Quick thoughts leading into tonight’s game

The Braves ended a seven-game losing skid at Dodger Stadium with Wednesday night’s victory.  Now they will spend these next four days at AT&T Park, a place where they have won just once in their past six tries.

Tonight’s pitching matchup (Shelby Miller vs. Chris Heston) seems to favor the Braves.  Heston has produced some impressive outings this season, but there might not be anybody currently pitching better than Miller, who has produced a 0.87 ERA and limited opponents to a .144 batting average in four starts this month.

Miller has allowed two earned runs or less in each of this season’s first nine starts and he has produced a Major League-best (minimum 12 starts) 1.74 ERA.  Dodgers right-hander Zack Greinke (1.93) and Astros southpaw Dallas Keuchel (1.99) are the only other pitchers to produce a sub-2.00 ERA during this span.

This marks the first time Miller has pitched in San Francisco since lasting just 3 2/3 innings against the Giants in Game 4 of last year’s National League Championship Series.  He has allowed just two earned runs in the 12 innings he has completed in two career regular season starts (both in 2013) against the Giants.

Speaking of Greinke, the Braves can be happy that they claimed at least one victory during a three-game series against the Dodgers that included matchups against Greinke and Clayton Kershaw.  But they squandered the opportunity to win Monday’s series opener, a game they led until Luis Avilan walked two of the first four batters he faced and surrendered Adrian Gonzalez’ game-tying groundout.
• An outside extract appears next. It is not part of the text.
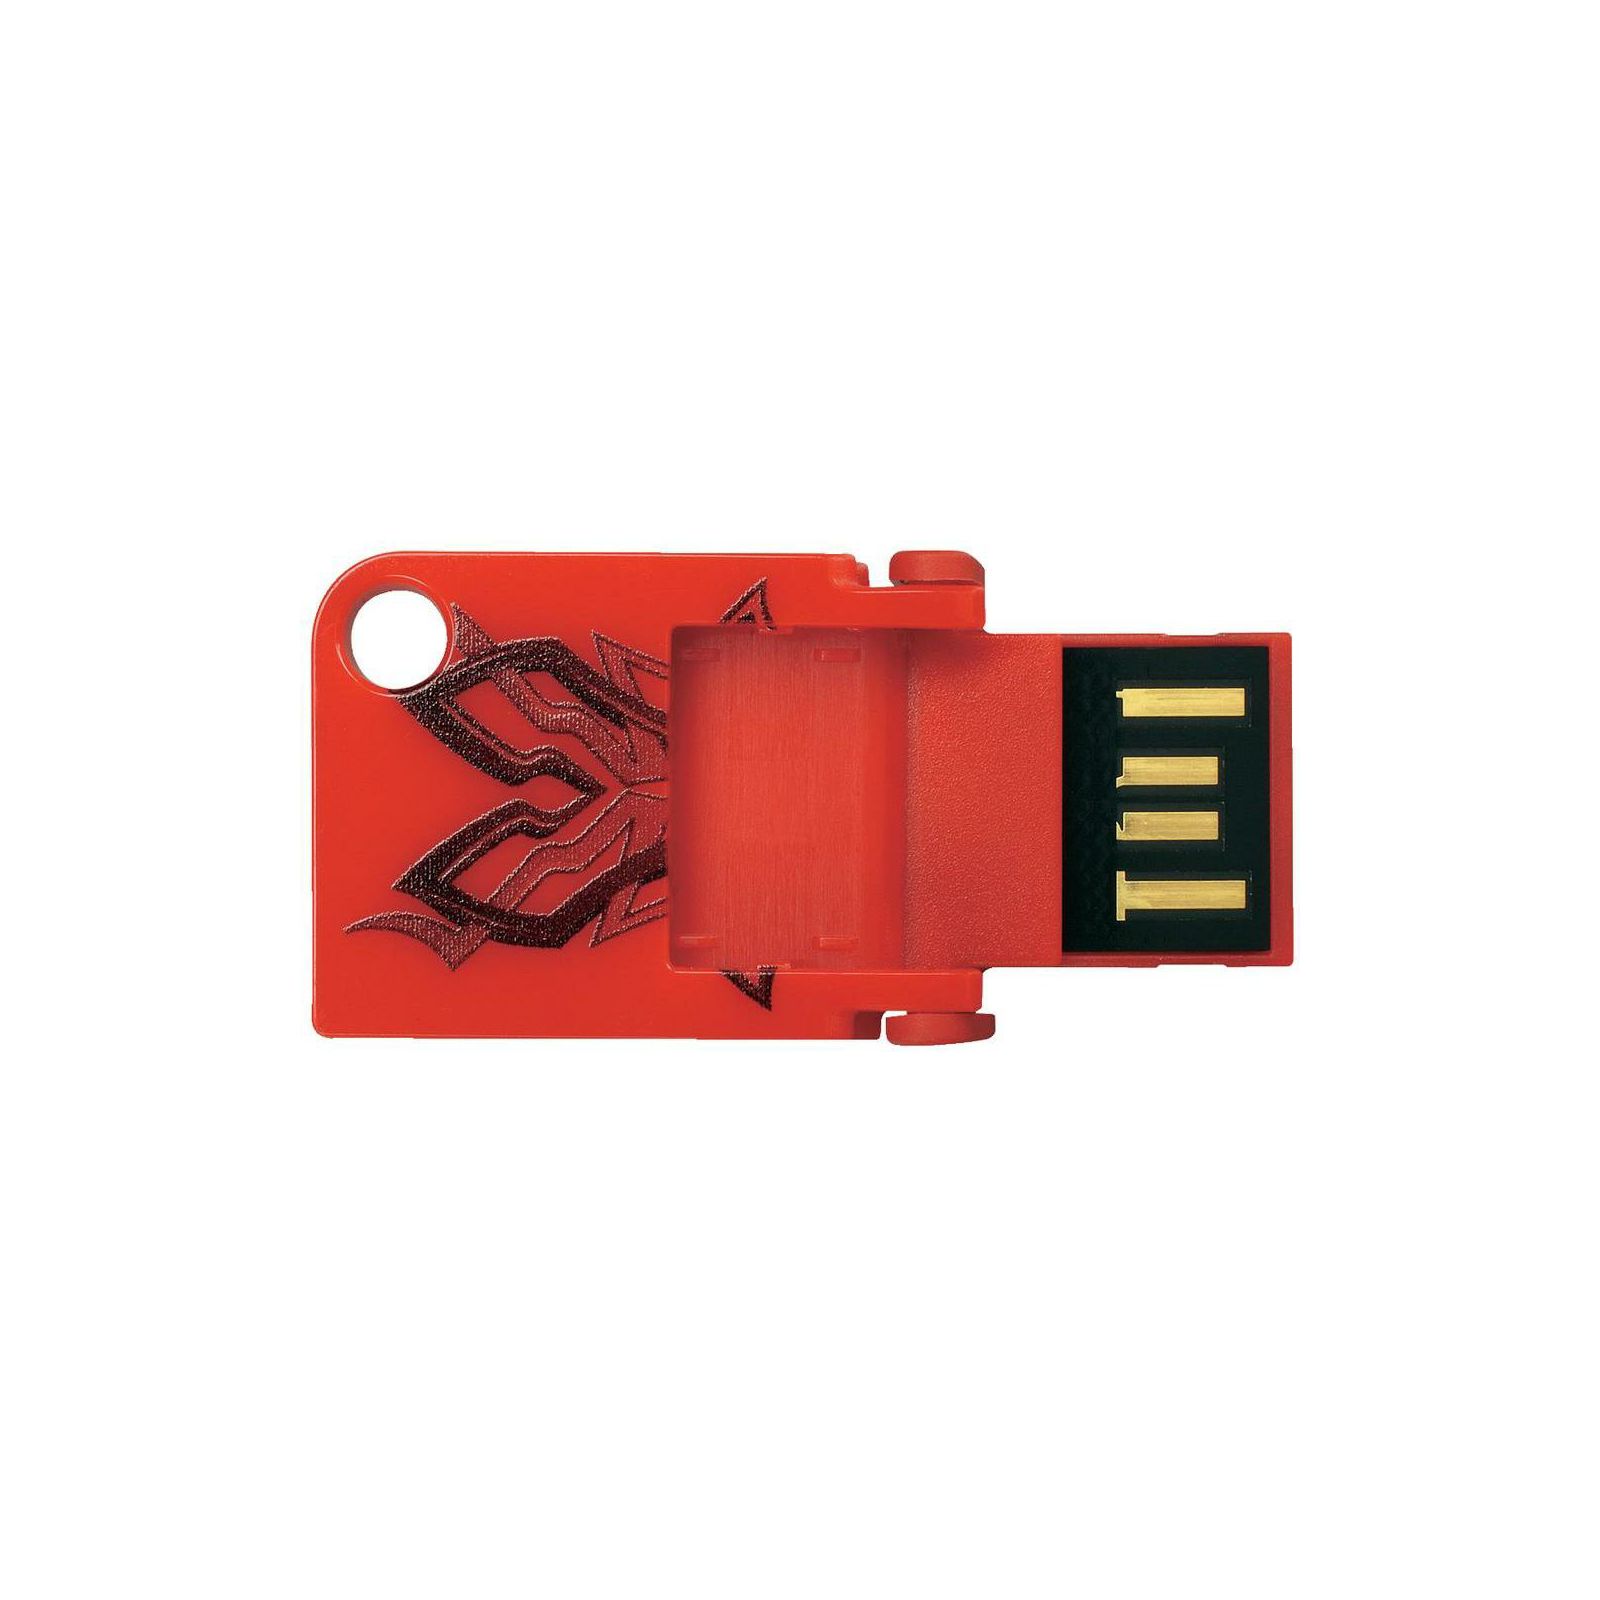 SanDisk Cruzer Pop 4GB Tribal SDCZ53B-004G-B35 USB Memory Stick

Nick Masset prevented any further damage in the seventh inning, but then surrendered a career-high three homers in the eighth inning.  Masset likely would not have returned to pitch the eighth if the Braves had been working with a full bullpen. As the ugly inning progressed, we knew that closer Jason Grilli wasn’t available because he had pitched each of the previous three days.

But we had to wait another day to know that Ian Thomas wasn’t available to face either of the two lefties that went deep against Masset because he was part of the multi-player trade that the Braves and Dodgers already had in place.  You know, the trade that died until a $100,000 trade stipend proved to be enough for Alberto Callaspo, to quickly alter his claim that he “wanted to stay with the Braves for the rest of the season.”

Some of you have questioned why Gonzalez opted to go with Masset instead of Brandon Cunniff, who has limited opponents to a .044 batting average (2-for-45) this year. While Cunniff has been impressive in this department, he has produced a strike percentage of 56.1 (124 of 221 pitches).  According to Inside Edge, this ranks 159th out of 160 qualified MLB relievers.

This seems to be a case where a rookie pitcher has to earn the trust of his manager before being consistently placed in high-leverage situations.  But while Cunniff has routinely walked a fine line, he also has limited opponents to a .182 on-base percentage in the five appearances he has made since being recalled from Triple-A Gwinnett earlier this month.

So given the other options in the bullpen, maybe it’s time for the Braves to get a better feel for what they truly have in Cunniff.

Veteran setup man Jim Johnson has certainly been Atlanta’s most valuable reliever this year.  Johnson created some concern when he allowed runs in four consecutive appearances (April 17-24).  But in the 14 appearances (13.2 innings) that have followed, he has allowed one run, surrendered eight hits, notched 13 strikeouts and issued just one walk.

Meanwhile Jason Grilli has allowed at least one run in five of his past 10 appearances and allowed opponents to produce a .431 on-base percentage during that same span.  Grilli has blown just one of his 14 save opportunities this season.  But if his struggles continue, the Braves have to start seriously thinking about having him switch roles with Johnson.